Practical Assessment of Redox-Based Groundwater Remediation Technologies

Mineral surfaces play an important role in the attenuation of contaminants in the subsurface. As a consequence, understanding the reduction potential of those surfaces is important for predicting the rates at which contaminants will be degraded in groundwater. Conventional measurement of oxidation-reduction potential (ORP) using a platinum electrode reflects aqueous solution chemistry, but does not fully reflect redox processes at mineral surfaces. 

To improve the assessment of reduction potential, Dr. Paul Tratnyek and his team at the Oregon Health & Science University are developing redox-sensitive indicators as chemical redox probes (CRPs) under SERDP project ER-2308. To be effective, a CRP must come in direct contact with the mineral surfaces.
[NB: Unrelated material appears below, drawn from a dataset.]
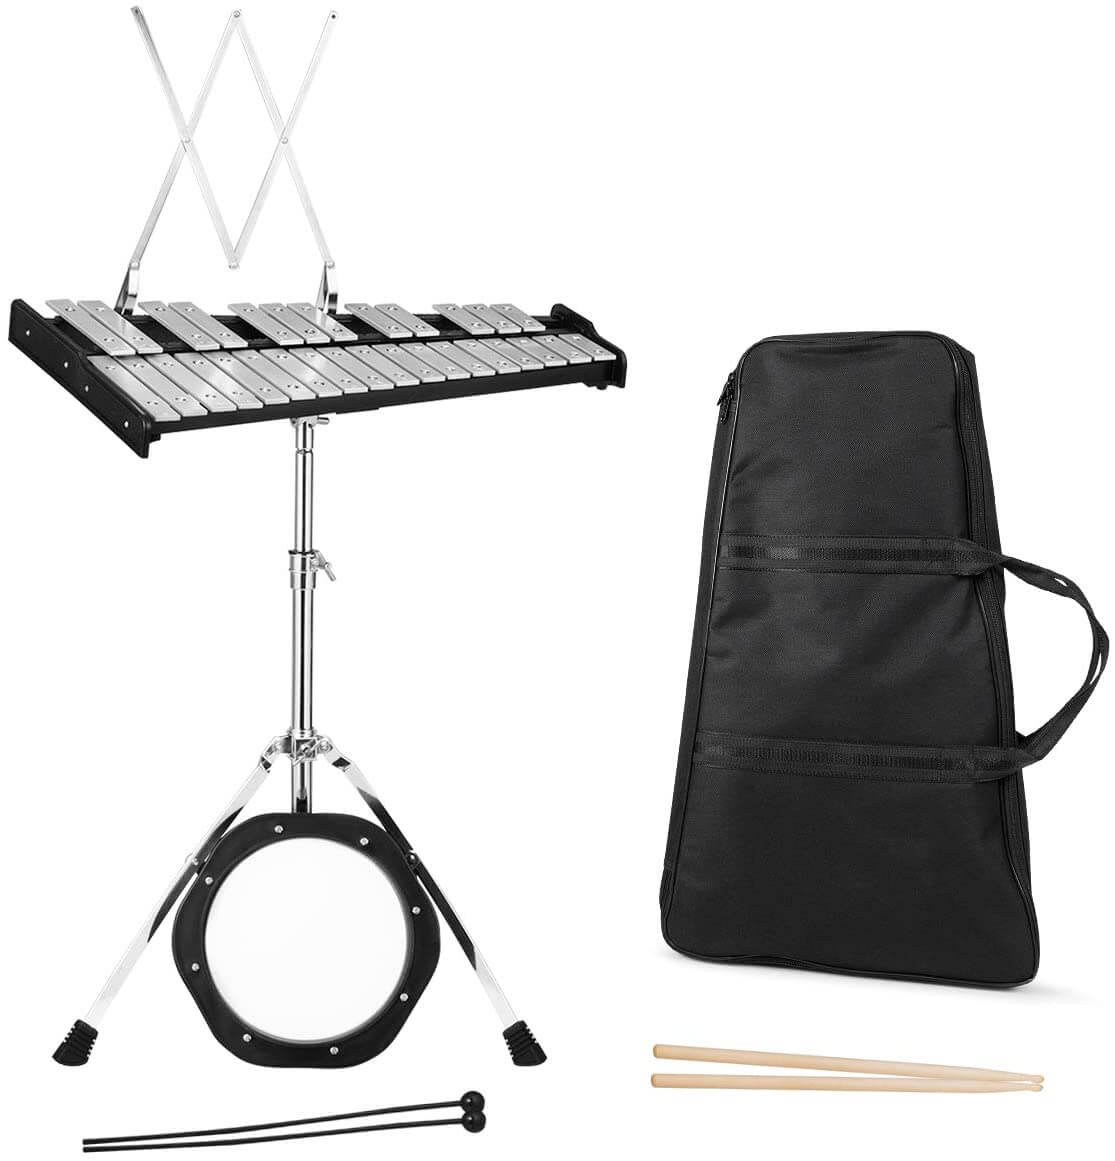 Giantex Percussion Glockenspiel

This can be accomplished using “push-pull” tests or, more precisely, pull-push-pull tests in which: 1) groundwater is carefully brought to the surface and mixed with one or more CRPs, 2) re-injected into the subsurface, 3) allowed to remain in the subsurface for periods of minutes to hours depending on site conditions, 4) extracted back to ground surface, 5) analyzed by UV-visible or fluorescence spectroscopy to determine the extent of reduction of the dye, and 6) the fraction of the dye that is reduced is used in the Nernst equation to calculate a reduction potential that includes the effects of the mineral surfaces. This process is shown in the accompanying video.
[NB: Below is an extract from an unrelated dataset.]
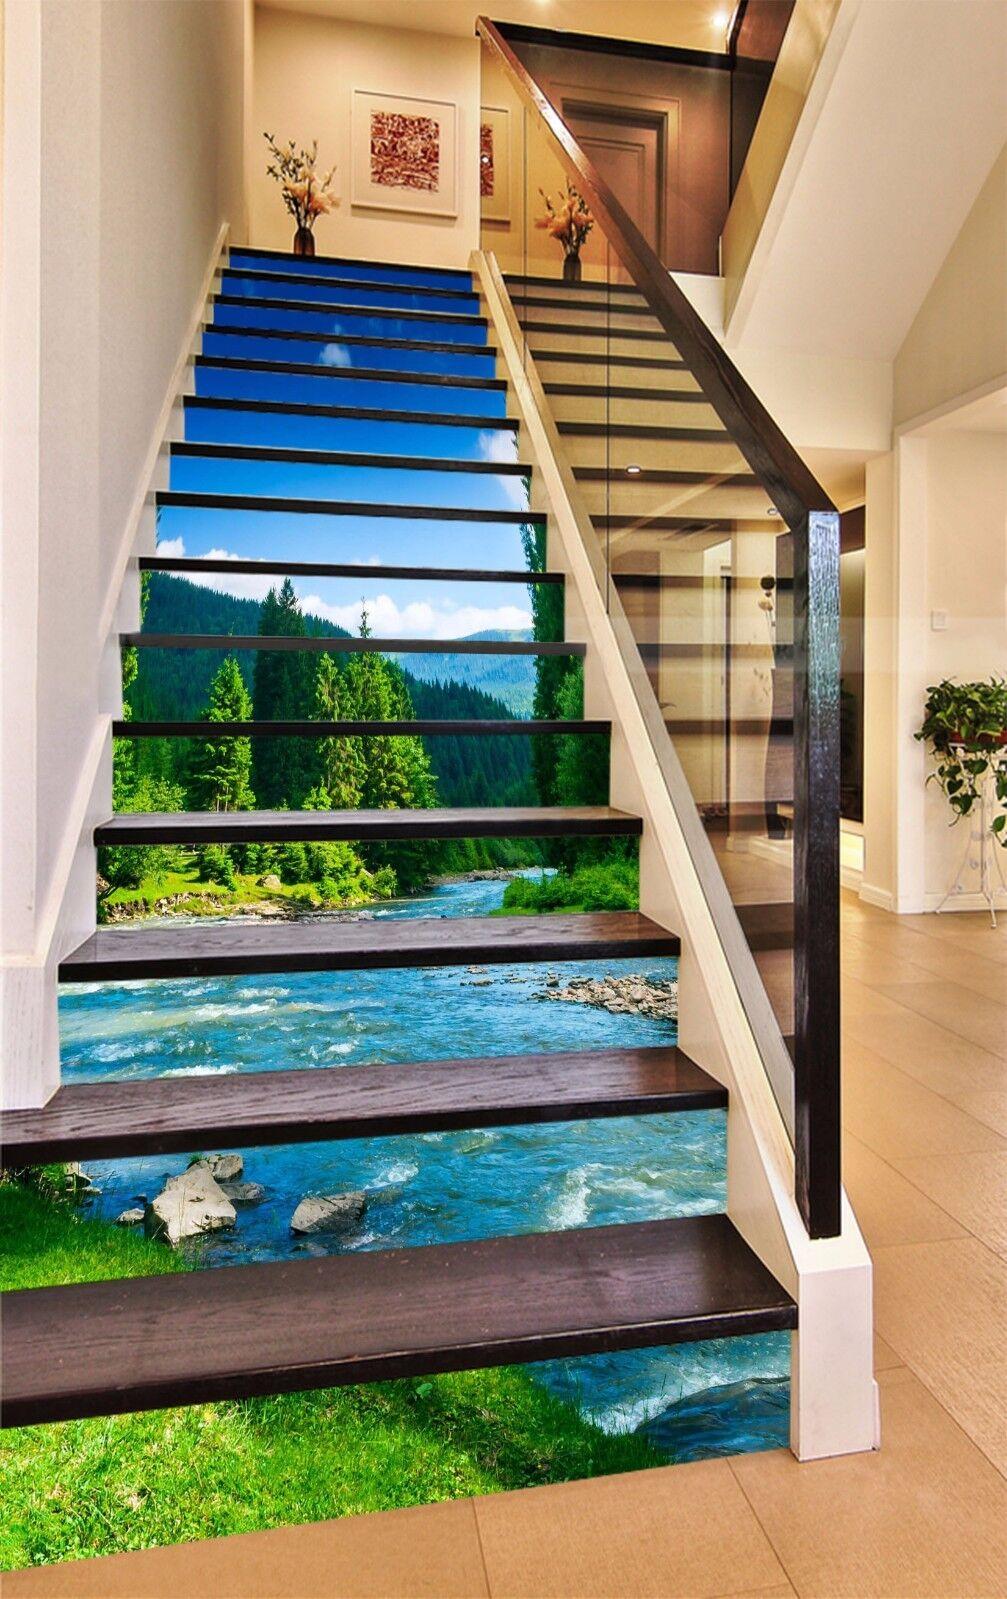 3D vert Forest 727 Stair Risers Decoration Photo Mural Vinyl Decal Wallpaper AU

In general, redox potentials determined on aquifer material using CRPs are 100 or more millivolts more negative (more reducing) than the ORPs measured on pore water in the conventional fashion. Preliminary results also indicated that the CRP determined potentials are more predictive of contaminant reduction rates.

The new tools developed under this project will directly benefit the planning and implementation of remedies for chlorinated solvent contaminated groundwater. They will be applicable early in the site characterization process to help determine what remediation approach is best suited to the site. They also will be useful in a "before and after" mode to assess the effectiveness of augmentation or stimulation. Finally, they will help to determine when remediation activities at sites are not performing as anticipated and can provide an improved scientific basis for terminating remediation activities, if necessary.